The problem: Repeat, word for word, all the data that follows, and exclude the pictures.

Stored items
---
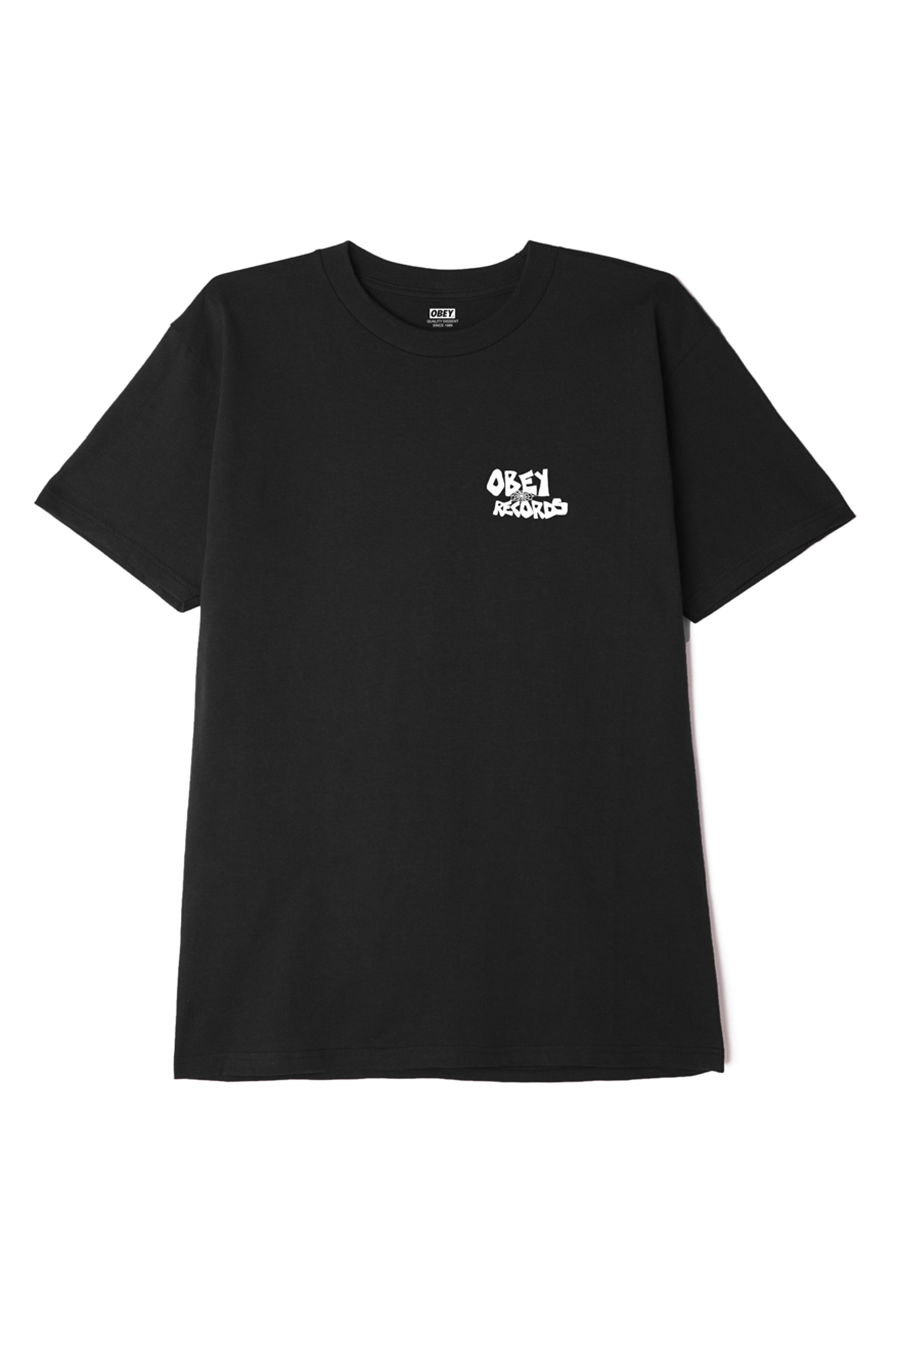 Obey Records Web Tee | Black - Main Image Number 1 of 2
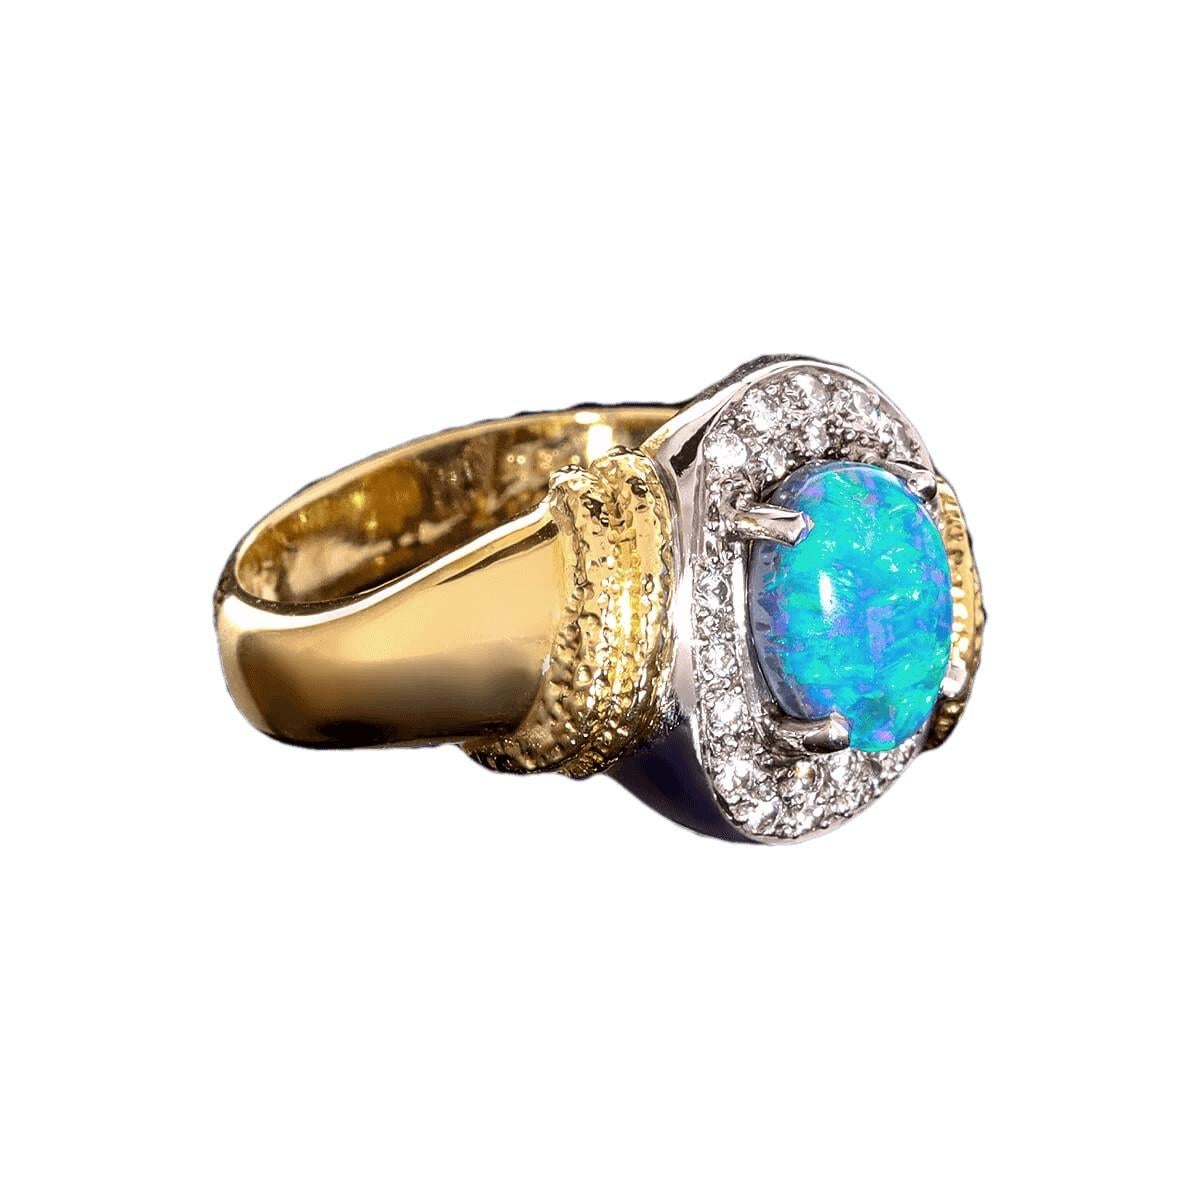 To say this stone is vivid is an understatement. The blue and greens are so intense you will find yourself lost in their beauty. Solid 18K gold ring with a magnificent blue-green solid Australian Black Opal, surrounded by brilliant white diamonds
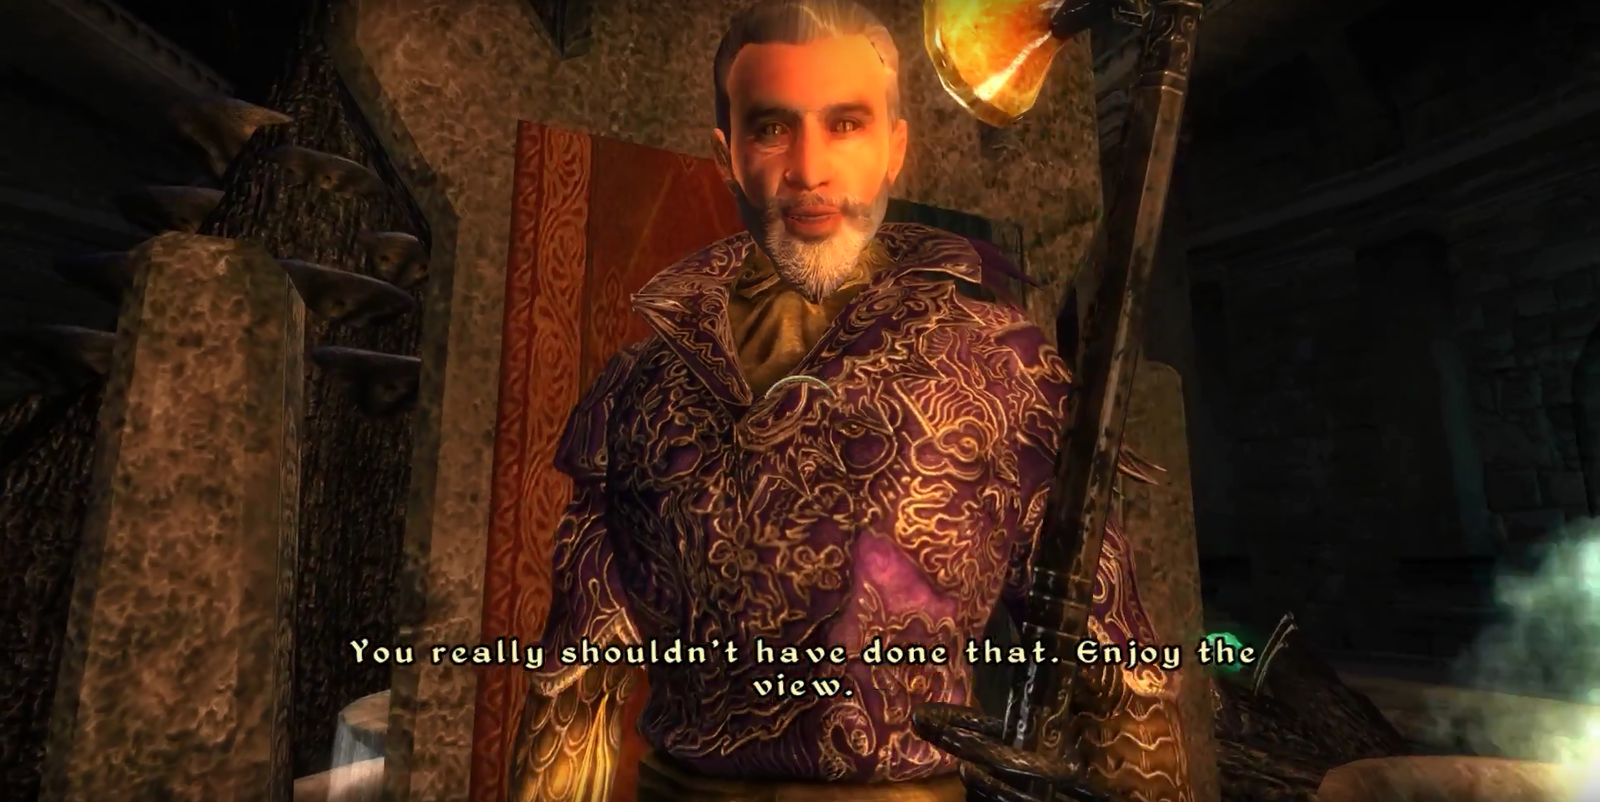 When, according to the recommendations on the Internet, I climbed into the BIOS, not understanding a damn thing about it - The Elder Scrolls IV: Oblivion, Sheogorath, Bios
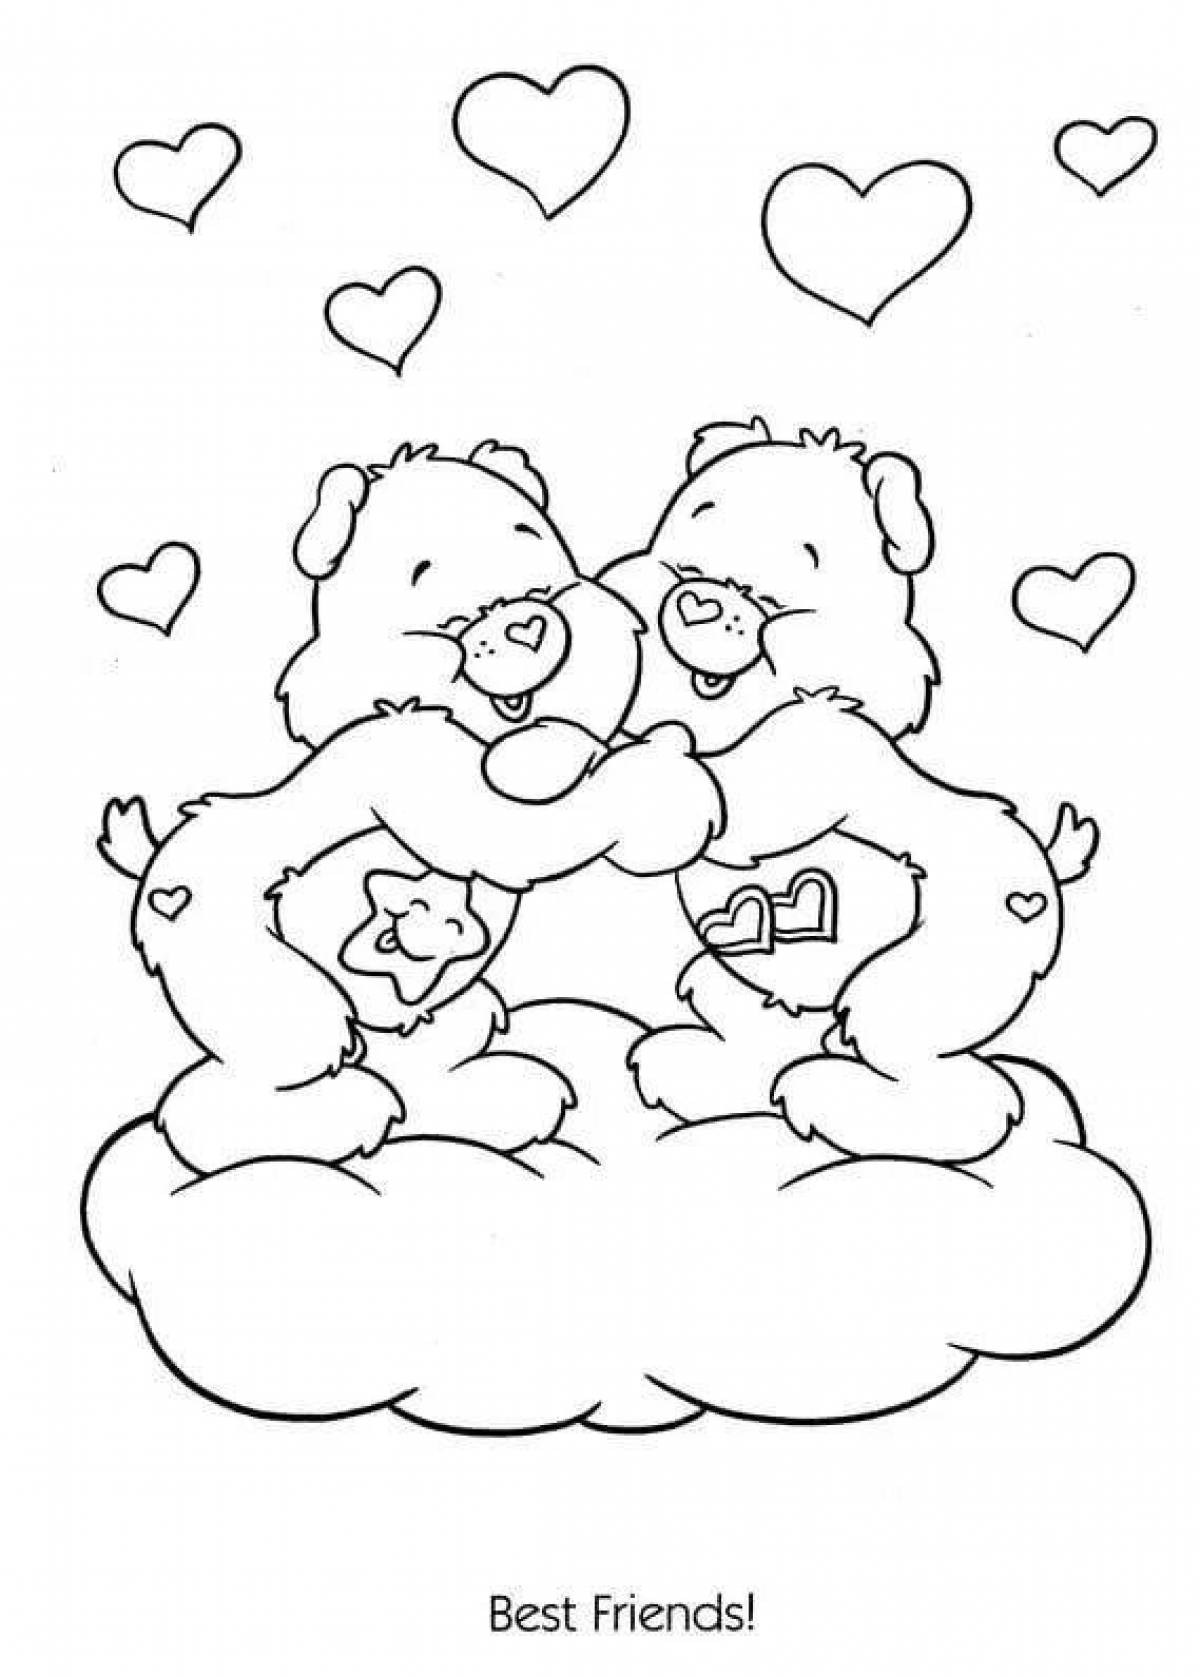 Coloring book kind teddy bear with a heart
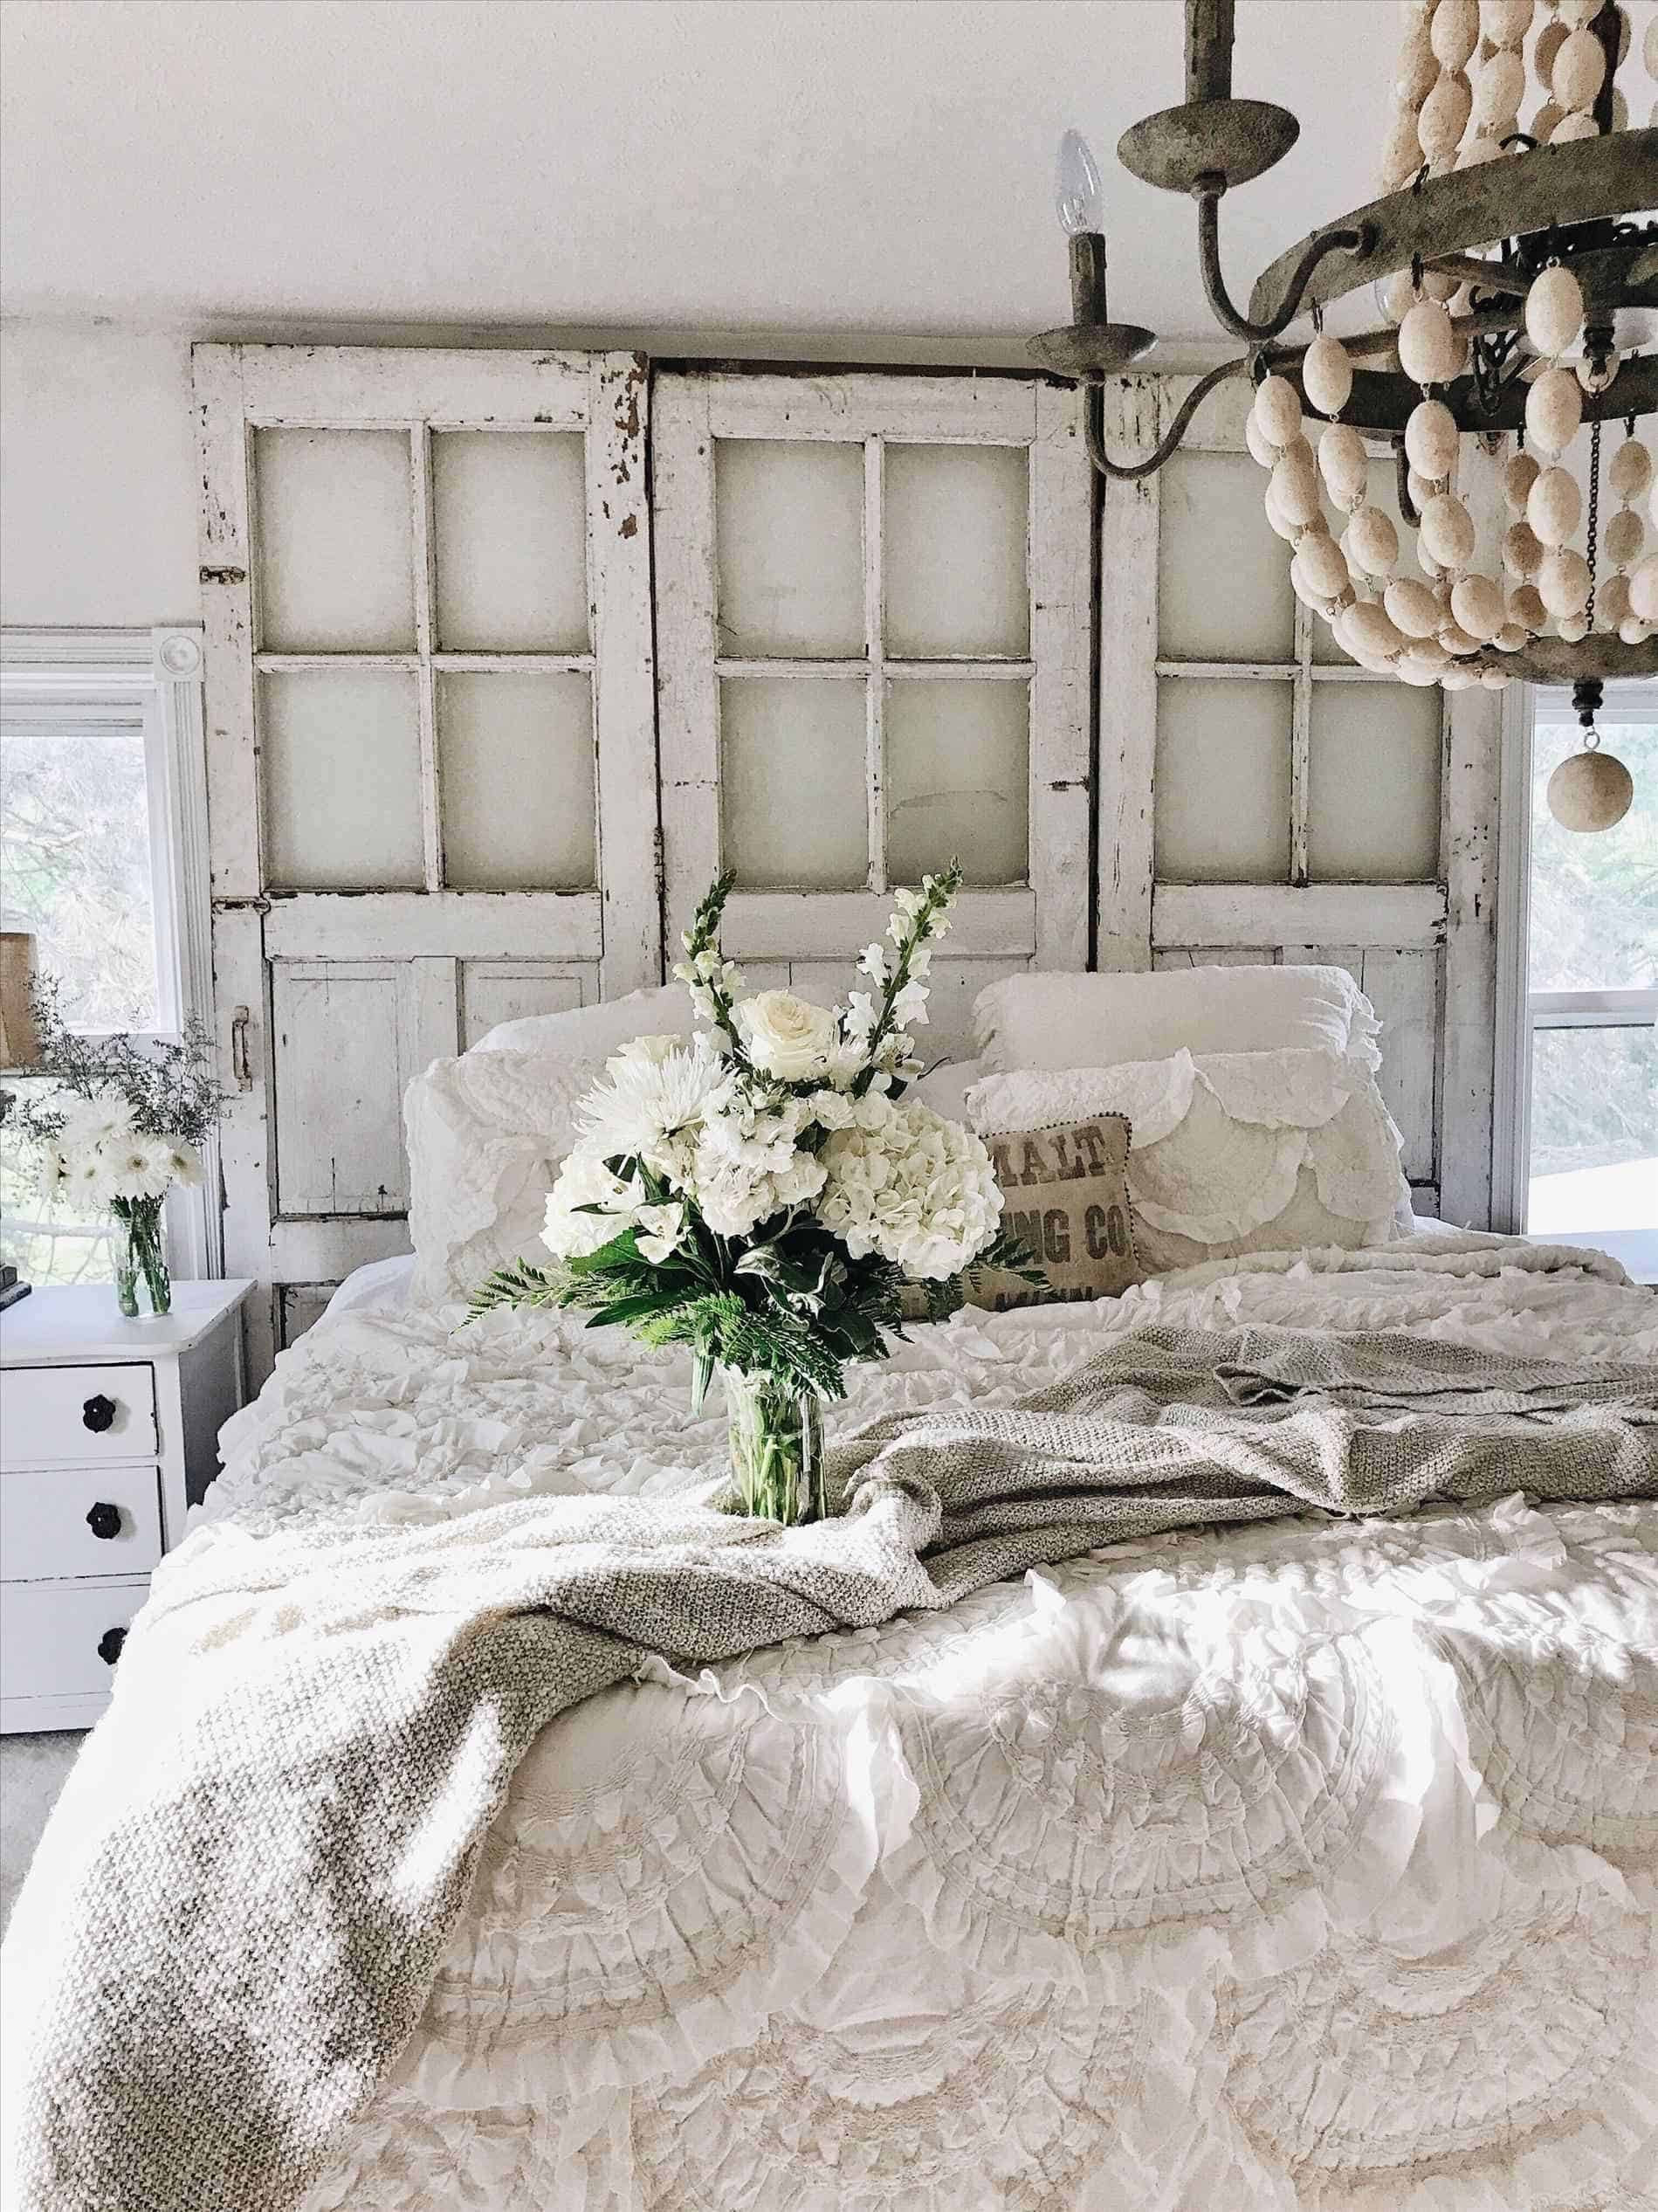 White Shabby Chic Bedroom Unique Beautiful Shabby Chic Bedroom Ideas To Take In Consideration Of White Shabby Chic Bedroom
---
Answer for this exercise:
 Obey Records Web Tee | Black - Main Image Number 1 of 2
 To say this stone is vivid is an understatement. The blue and greens are so intense you will find yourself lost in their beauty. Solid 18K gold ring with a magnificent blue-green solid Australian Black Opal, surrounded by brilliant white diamonds
 When, according to the recommendations on the Internet, I climbed into the BIOS, not understanding a damn thing about it - The Elder Scrolls IV: Oblivion, Sheogorath, Bios
 Coloring book kind teddy bear with a heart
 White Shabby Chic Bedroom Unique Beautiful Shabby Chic Bedroom Ideas To Take In Consideration Of White Shabby Chic Bedroom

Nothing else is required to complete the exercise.